4.  **Model Selection and Building**:
    *   Initially, a Logistic Regression model was trained. Due to poor performance on imbalanced data, a Random Forest Classifier was chosen.
    *   A Random Forest Classifier was initialized with `class_weight='balanced'` to address data imbalance and trained on the training data.
5.  **Model Evaluation**:
    *   The trained models were evaluated using metrics such as Accuracy, Precision, Recall, F1-score, and AUC.
    *   The evaluation of the Logistic Regression model showed it was not predicting the minority class.
    *   The Random Forest model showed some improvement in predicting the minority class, but the overall performance (especially Recall and AUC) indicated further optimization or techniques for handling imbalance could be beneficial.

## Results:

The analysis revealed that the dataset is imbalanced, which significantly impacts model performance.

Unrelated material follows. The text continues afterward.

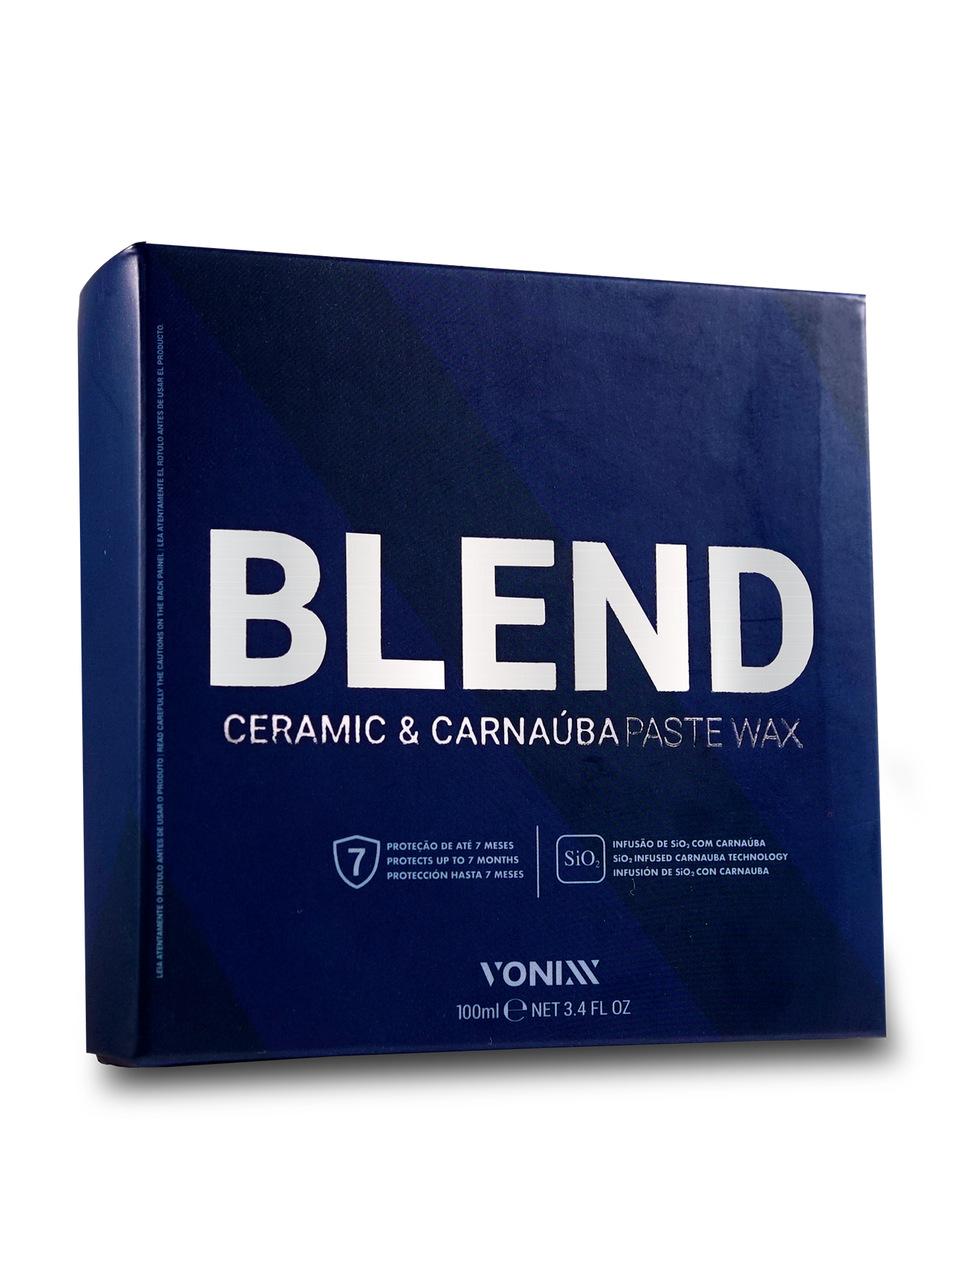 Blend Cera de Carnaúba Sílica 100g Vonixx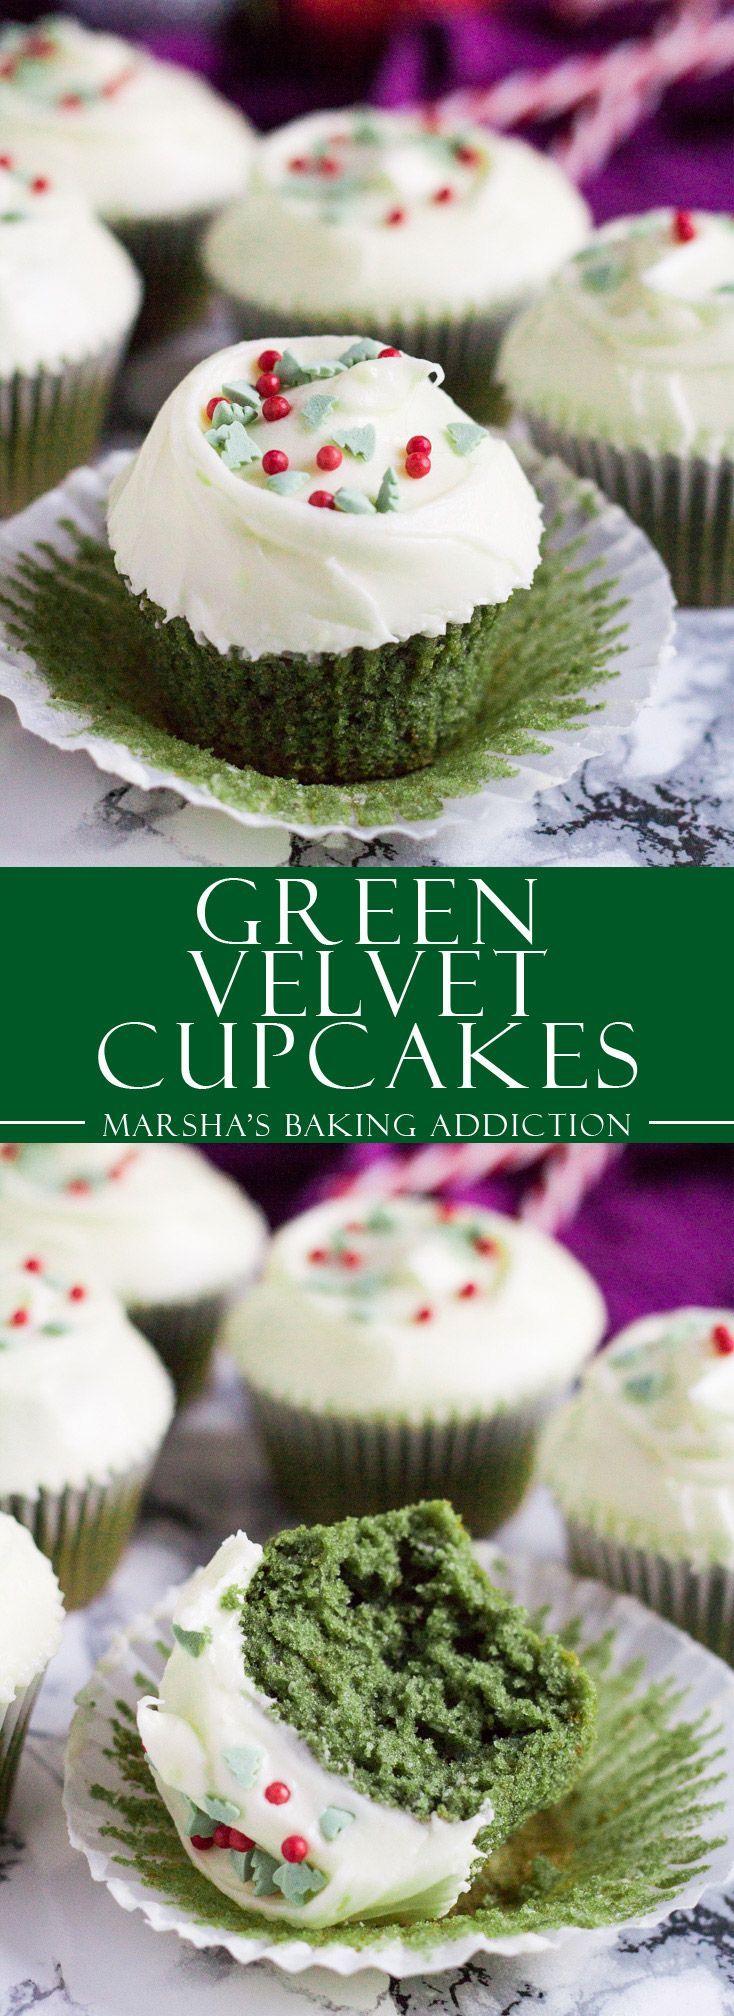 Green Velvet Cupcakes | http://marshasbakingaddiction.com /marshasbakeblog/

While the Random Forest model was able to make some predictions on the minority class (churn), its overall predictive power was limited, highlighting the challenges of predicting churn in this imbalanced dataset.

Further work could involve exploring advanced resampling techniques, hyperparameter tuning, or trying other models better suited for imbalanced classification to improve the model's performance.